搜索引擎中重复网页检测算法研究

发布时间：2018-05-12 01:15

本文选题：搜索引擎 + 重复网页检测　；参考：《河南工业大学》2012年硕士论文

【摘要】：随着因特网的普及和快速发展，网络信息以指数级速度快速增长，搜索引擎成为用户在海量网络资源中查找需求信息的有效工具。但是由于网络信息发布没有明确统一的规范，而且发布信息比较容易，造成因特网上存在有大量内容重复和近似重复的网页。这些重复网页会给搜索引擎带来诸多弊端，如影响用户体验，浪费抓取和存储资源，增大倒排索引表和降低检索效率等，因此重复网页检测技术可以有效提高搜索引擎的质量。
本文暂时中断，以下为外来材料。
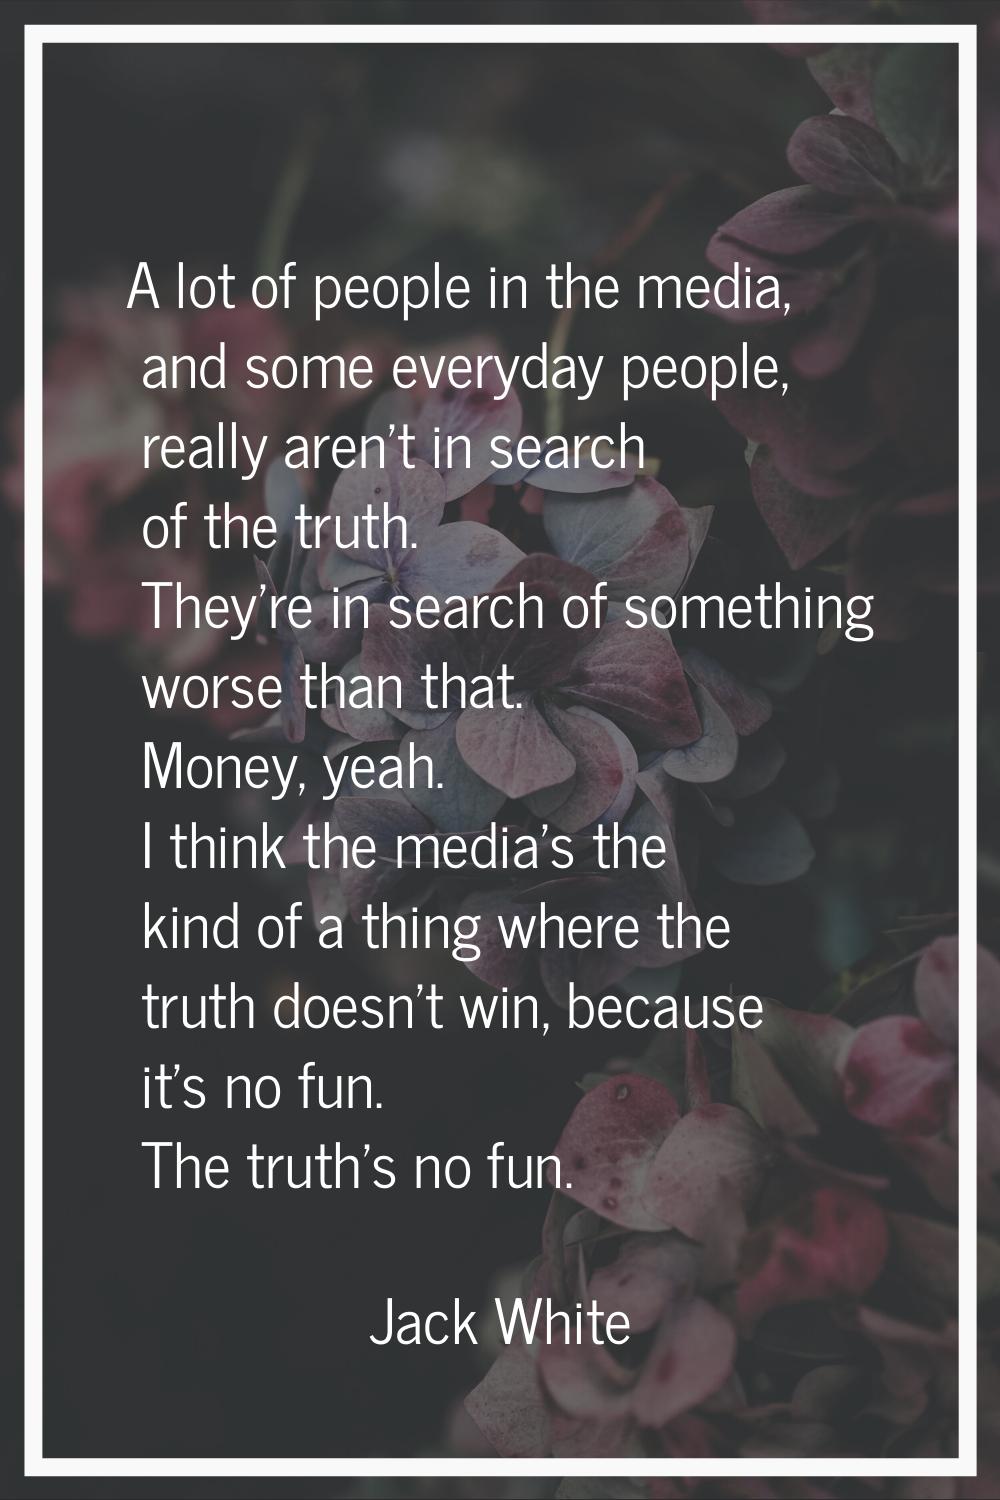 A lot of people in the media, and some everyday people, really aren't in search of the truth. They'

近年来，各大搜索引擎公司和国内外学者提出了多种重复网页检测算法，如基于特征码的算法、I-Match算法、基于特征项的重复网页检测算法和DSC重复网页检测算法等。论文对现有的重复网页检测算法进行详细分析发现，这些算法的共同思想是首先从文本中抽取一定信息，其次利用抽取出的信息进行相似性判定。不同算法在具体抽取文本信息时的策略不同，导致计算相似性时的方法不同。并且有些算法为了提高计算的效率，对抽取的文本信息进行压缩处理。可见能否从文本内容中抽取有效信息准确表征文本是影响重复网页检测技术性能的关键因素。论文对两种经典的重复网页检测算法进行了详细的分析，并对其中存在的不足进行改进，主要研究内容如下：（1）基于DSC重复网页检测算法的改进 DSC(Digital Syntactic Clustering)算法是用于重复网页检测的经典算法，其基本思想是将文本切分成一定数量的shingles，然后选取一定的shingles参与相似性比较。该算法的缺点是在选取shingles时是随机的，并没有充分利用文本的内容特征。针对算法的不足，改进算法维护一个特征项的集合，选取含有特征项的shingles，这样参与相似性比较的shingles能更好的利用文本的结构特征和内容特征。（2）基于特征项的重复网页检测算法的改进基于特征项的重复网页检测算法首先利用传统信息检索中的TFIDF算法抽取文本的特征项，将文本表示成特征项的空间向量，然后利用余弦公式判定相似性。TFIDF算法的缺点是在计算特征项的权重时没有考虑特征项在文本中的位置信息。通过对网页的观察发现，，网页文本的内容较短，较多含有标题，并且标题是内容的高度概括。利用这一特点，对TFIDF算法进行改进，对在文本标题中出现的特征项的权重进行了增强。（3）改进算法的性能评估实现了一个基于开源索引检索工具Lucene的搜索引擎原型系统，对改进算法进行性能验证。实验结果表明，改进算法在重复网页识别的查全率和查准率方面较原算法都有所提升。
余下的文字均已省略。